Пауза в частушке была заглушена пронзительным визгом аккордеона. Фамилию нельзя было расслышать. Но глушение не явилось помехой для идентификации владельца фестончика.

Еще до того, как взорвался очередной раскат хохота, профессор Хохлов неуверенно прорыдал:

— Это хулиганство!

Тут же его маленькая сухонькая жена вкатила ему оглушительную оплеуху, сила которой не соответствовала размерам исполнителя.

— За что? — Услышали сидевшие рядом с профессором Хохловым.

Действительно, за что? За реакцию на частушку? За повод для нее? За фестончик? За годы неудовлетворенности? Или за то, что это стало достоянием гласности? За что?

Профессор Хохлов встал и сквозь неудержимый смех, бивший сильнее пощечины, сразу состарившийся, поникший, направился к выходу. Мадам Хохлова не последовала за ним.

Зато поднялся директор, платком вытирая взмокшую лысину. Именно в этот момент солисткой выступила его секретарша:

Мой миленок, он же босс,
Безобиден, когда бос.
Лишь в усилиях, как бес,
Испускает аш два эс.

Уже не хохотом, а стоном отреагировала аудитория на этот куплет. Стоявшие у стены аспиранты, мимо которых прошел к двери багрово-красный директор, испуганно старались подавить смех. Но как его подавишь? К своему ужасу они расхохотались еще сильнее. Тем более что подозрительный запах сероводорода удушающим шлейфом потянулся за уходившим боссом.

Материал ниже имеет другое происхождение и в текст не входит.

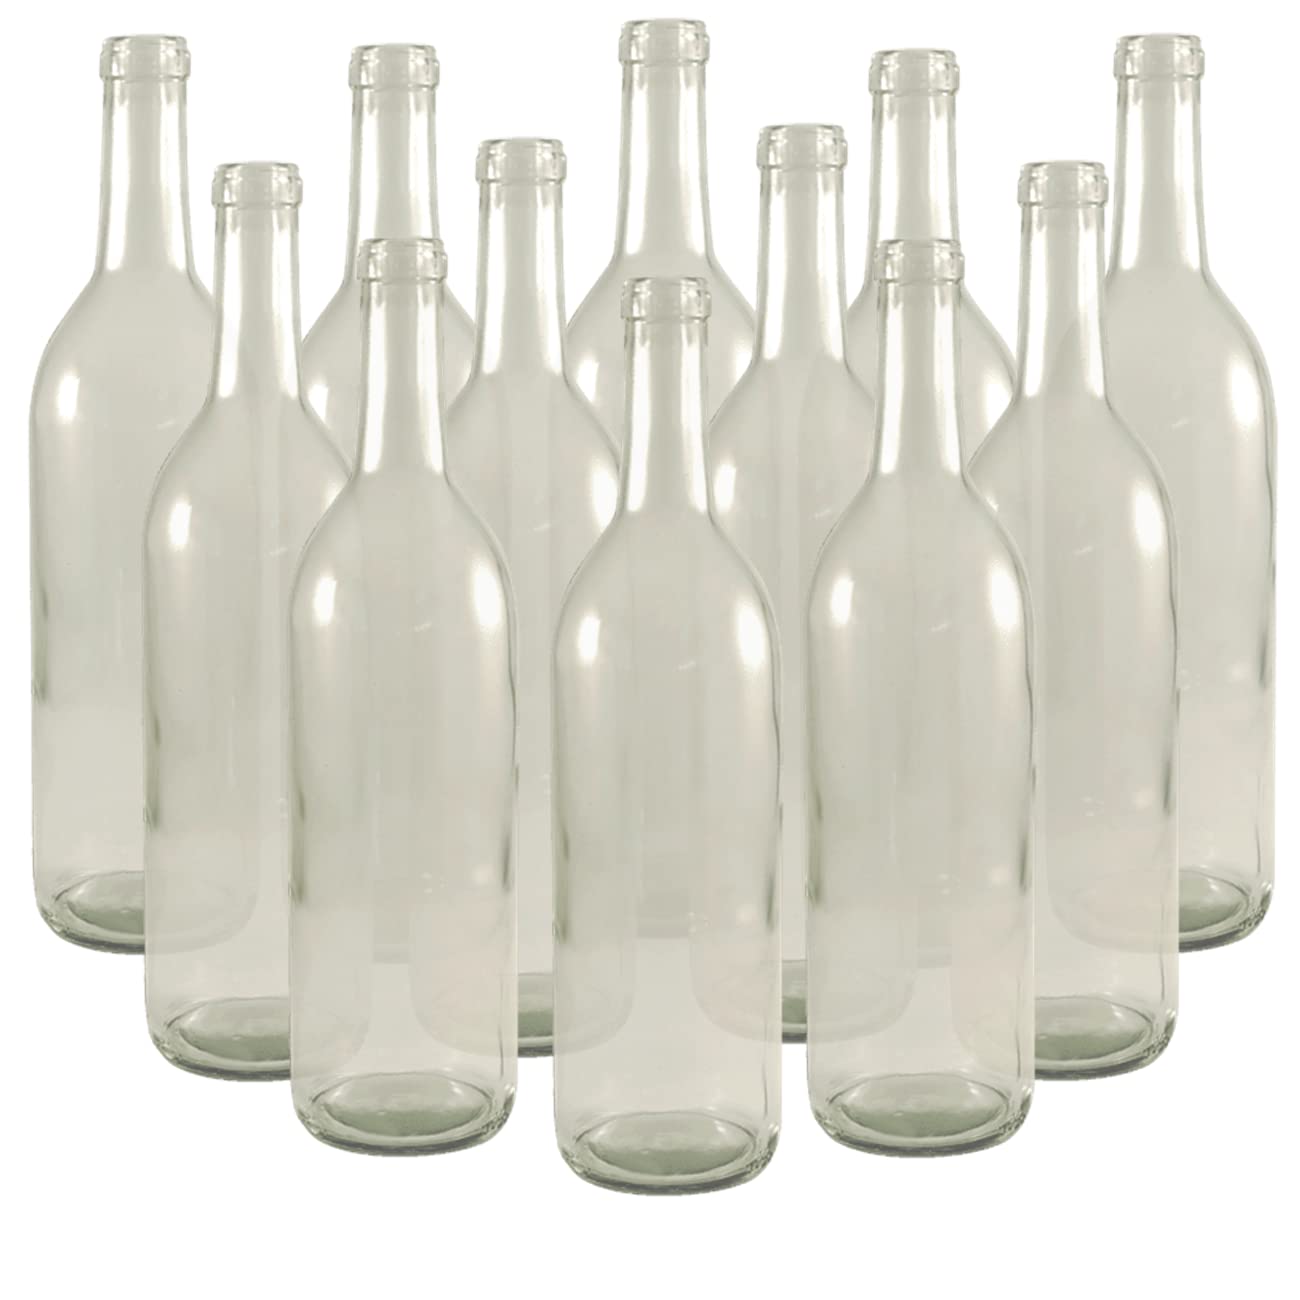 North Mountain Supply 750ml Glass Bordeaux Wine Bottles with Twist-N-Seal  Capsules - Case of 12 (Clear/Flint)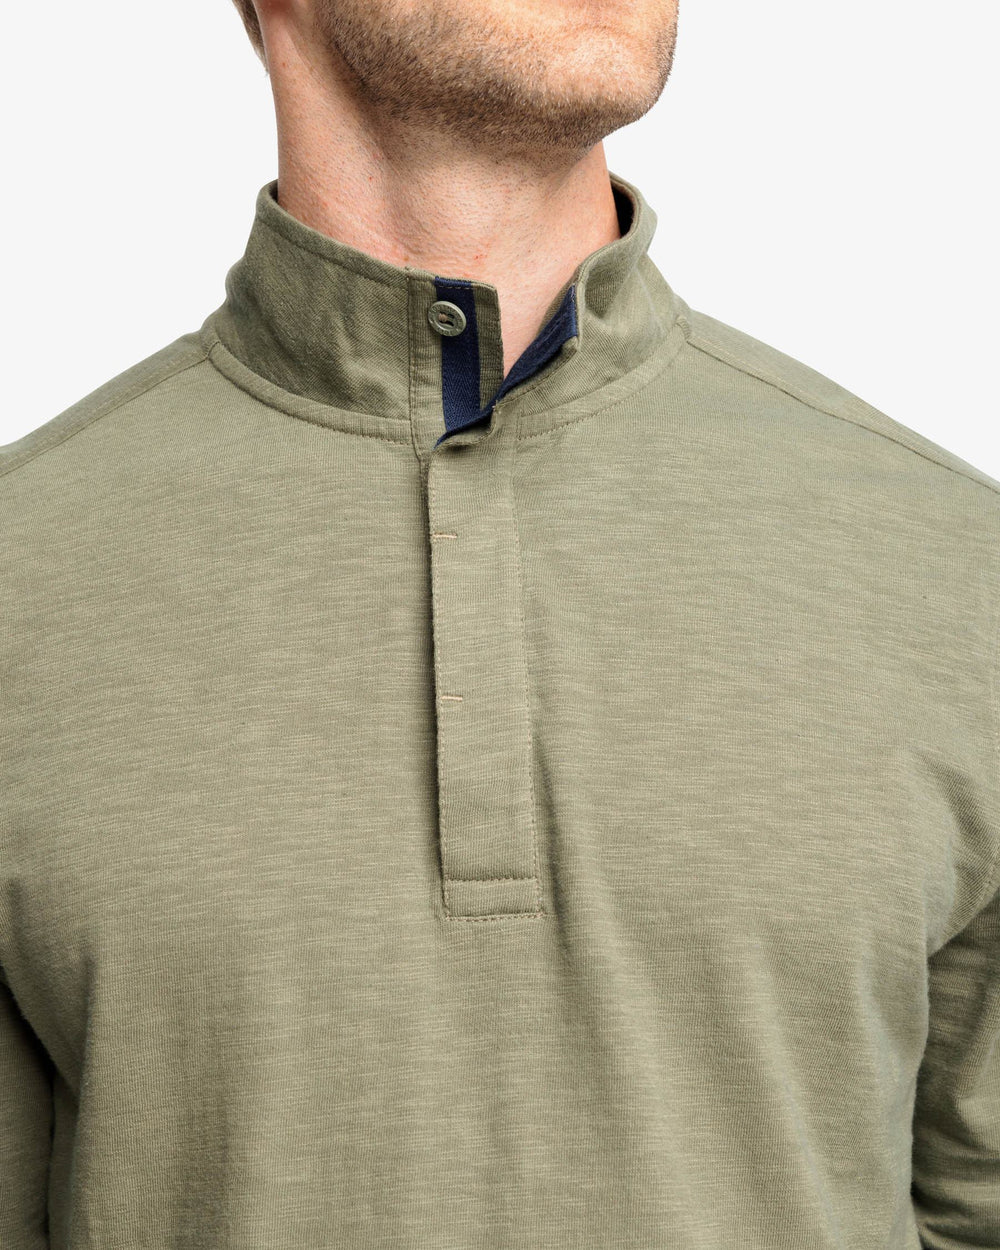 The detail view of the Sun Farer Ocean View Quarter Button Pullover by Southern Tide - Pine

Жена директора сидела неподвижно, внешне не отреагировав на уход супруга. Не женщина, а символ служения высочайшим идеалам марксизма-ленинизма. Было что-то мазохистское в ее упрямом желании дослушать куплеты до конца.

Ну, а мой, устав от дома,
От работы и месткома,
Ищет идеальную,
Интеллектуальную,
И к тому ж астральную,
Гиперсексуальную.

Пропела лаборантка Алеши Иванова.

Вслед за ней машинистка секретаря партийного комитета, талантливо пародируя его жену, с кулаками, вонзенными в бока выше талии, с угрожающе поднятой головой, пророкотала:

Мой из обездоленных.
Все ему дозволено.
Думает, ему под стать
Секретарша — значит…

Какой-то аспирант у стены совершенно машинально завершил куплет словом в рифму.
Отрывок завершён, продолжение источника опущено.